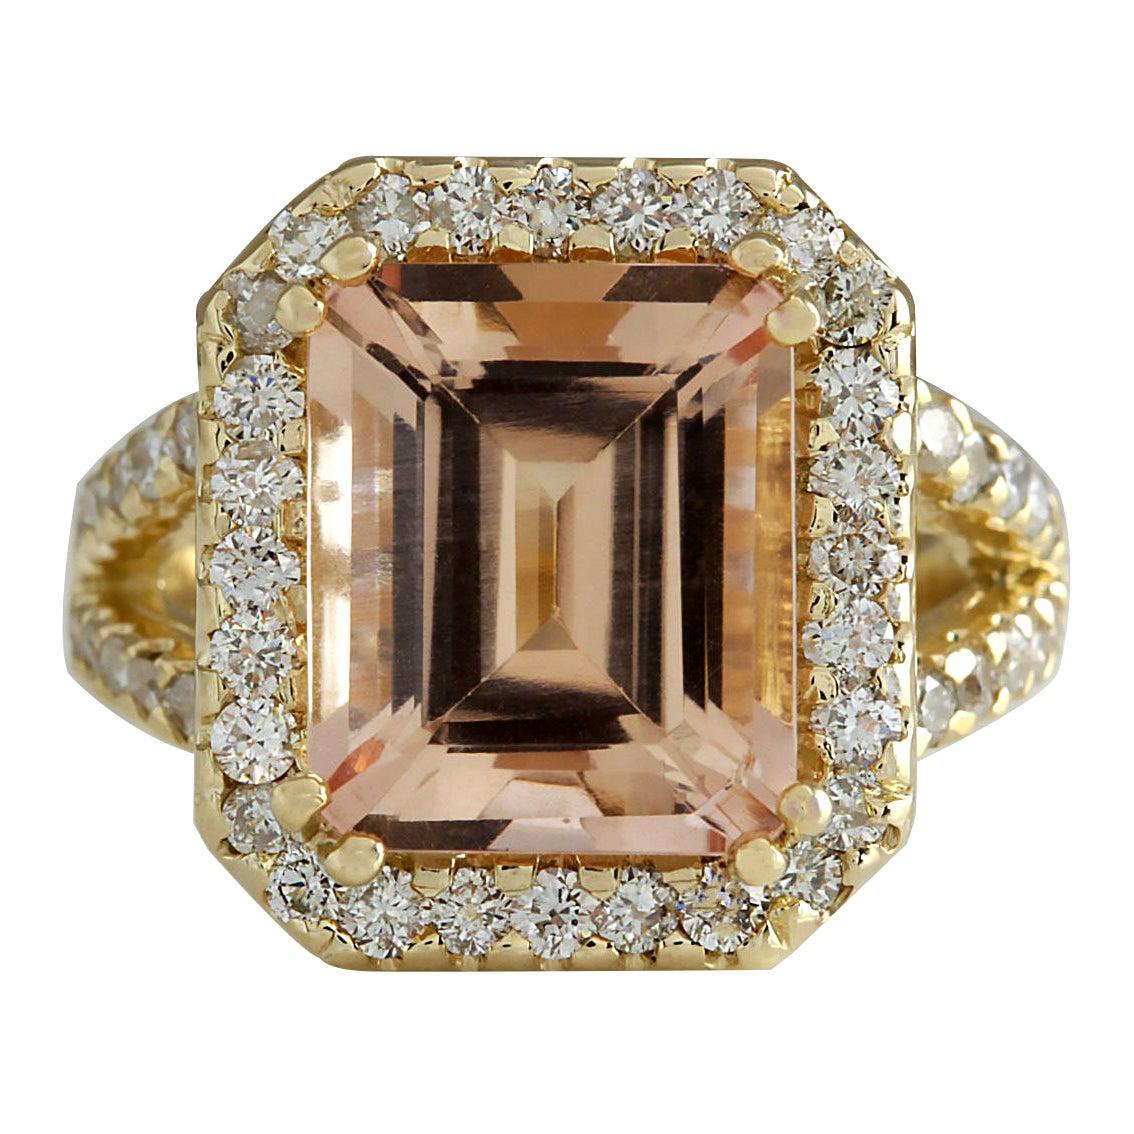 6.92 Carat Natural Morganite 18 Karat Yellow Gold Diamond Ring
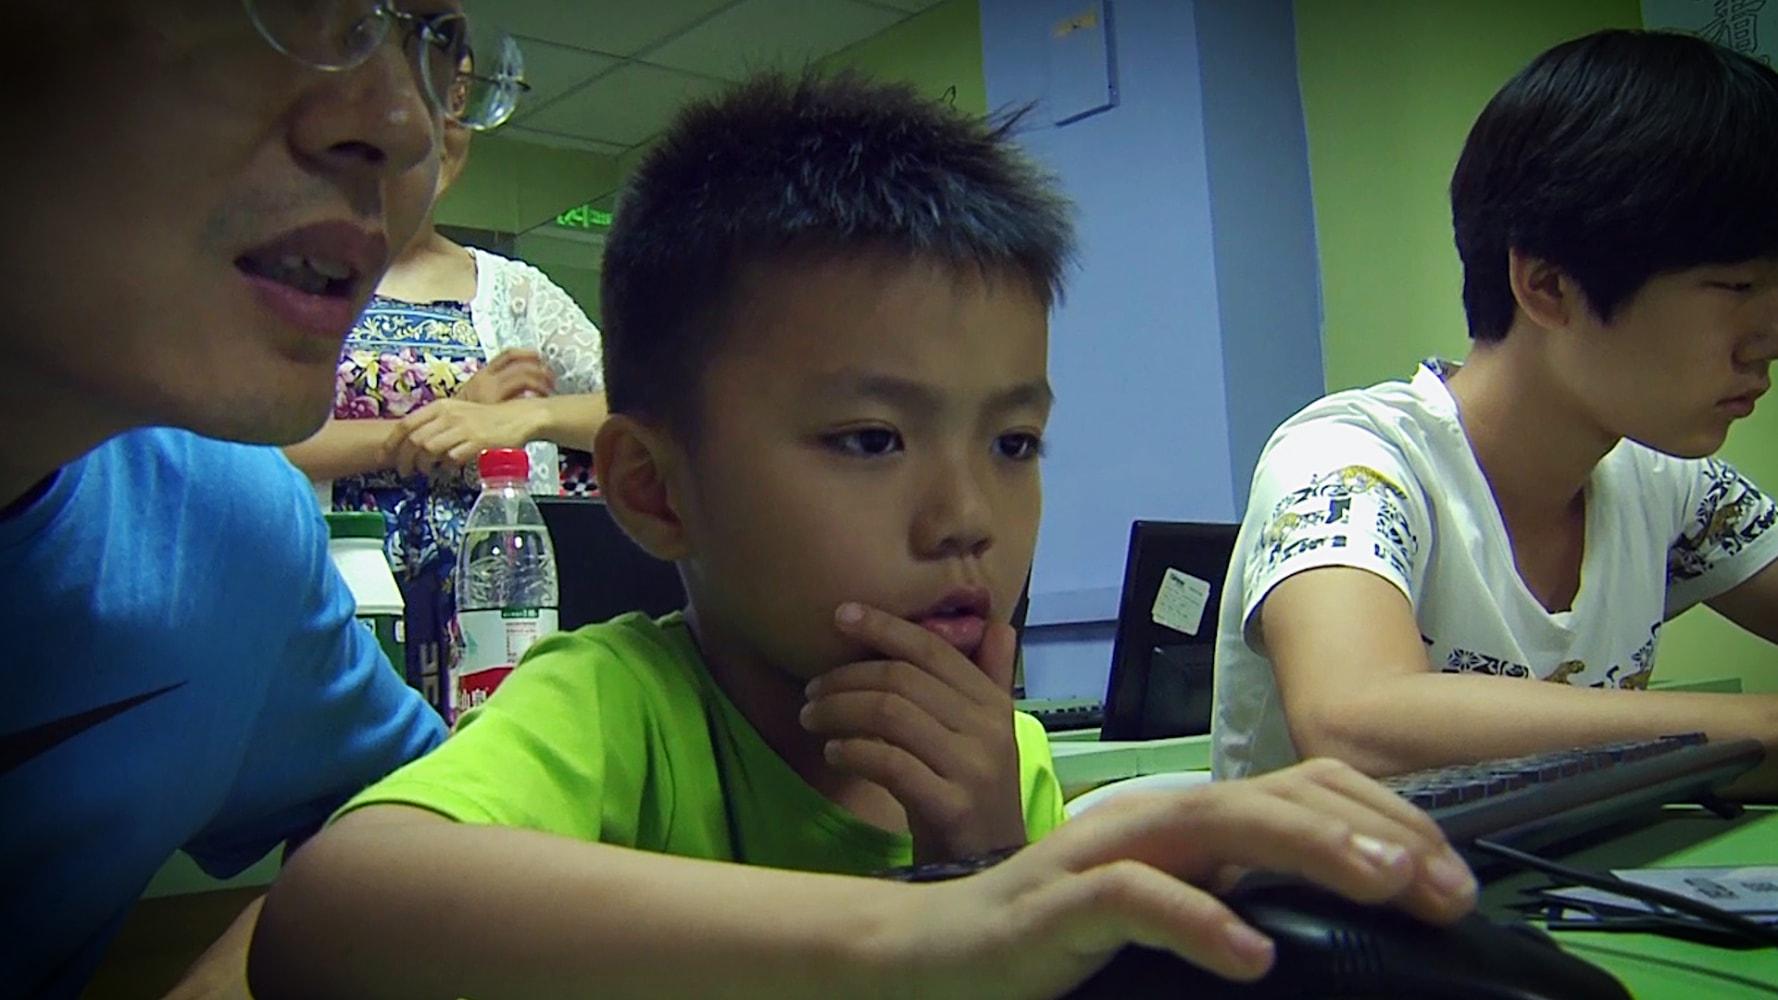 Um jovem aprende a codificar no Tarena Learning Center, em Pequim
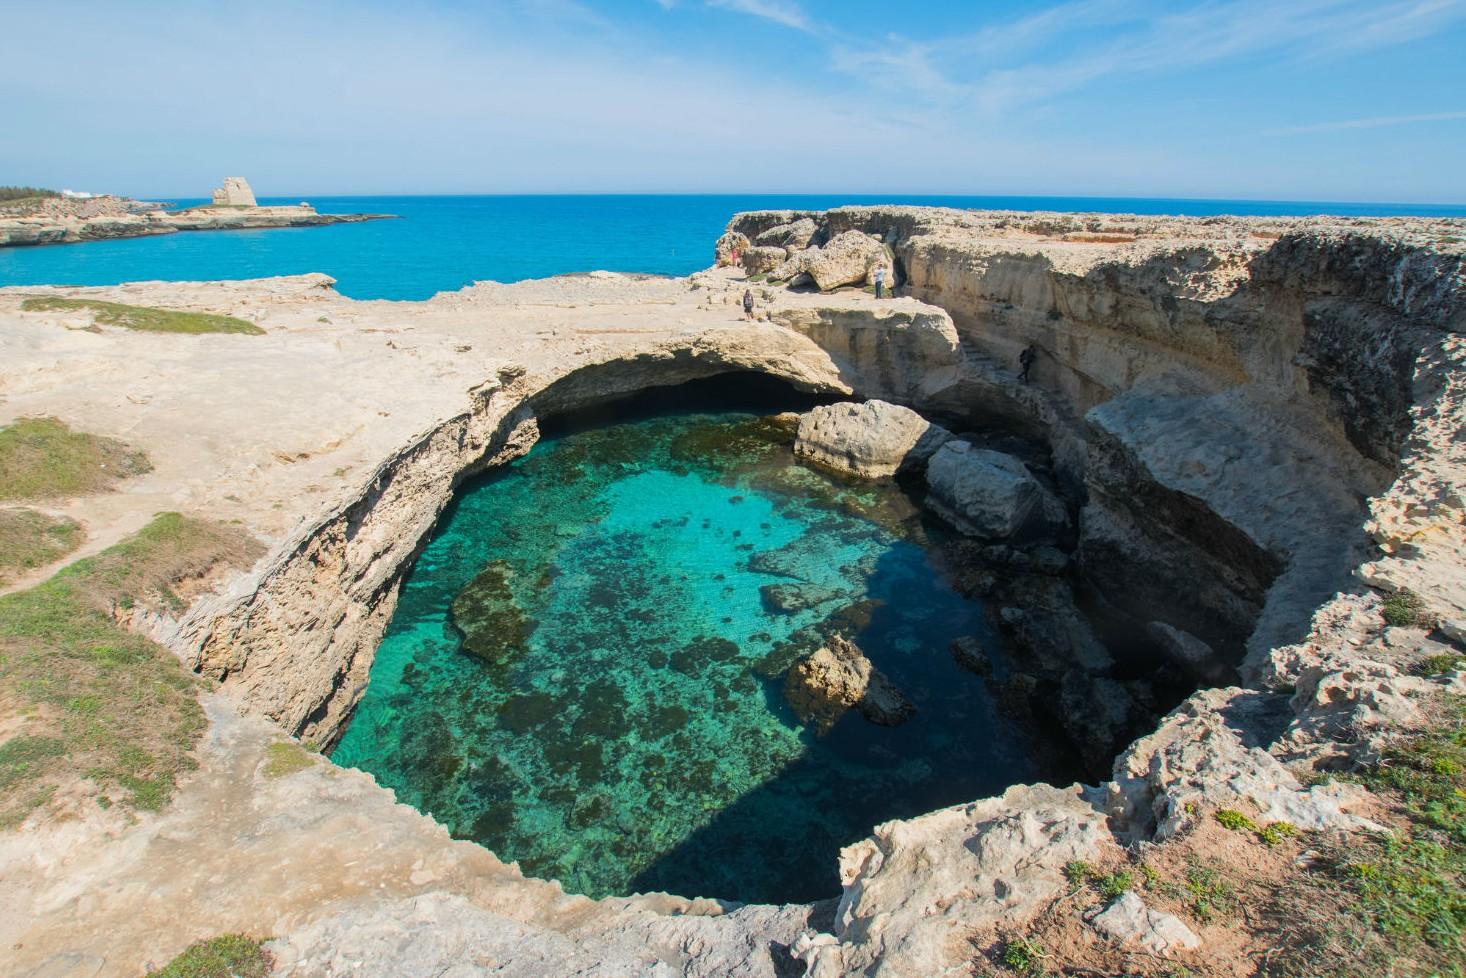 De 5 mooiste natuurlijke zwembaden ter wereld - Grotta della Poesia in Italie

=== Your assignment ===
When you output the listing, reproduce it exactly but drop its pictures.

=== Result of the task ===
 6.92 Carat Natural Morganite 18 Karat Yellow Gold Diamond Ring
 Um jovem aprende a codificar no Tarena Learning Center, em Pequim
 De 5 mooiste natuurlijke zwembaden ter wereld - Grotta della Poesia in Italie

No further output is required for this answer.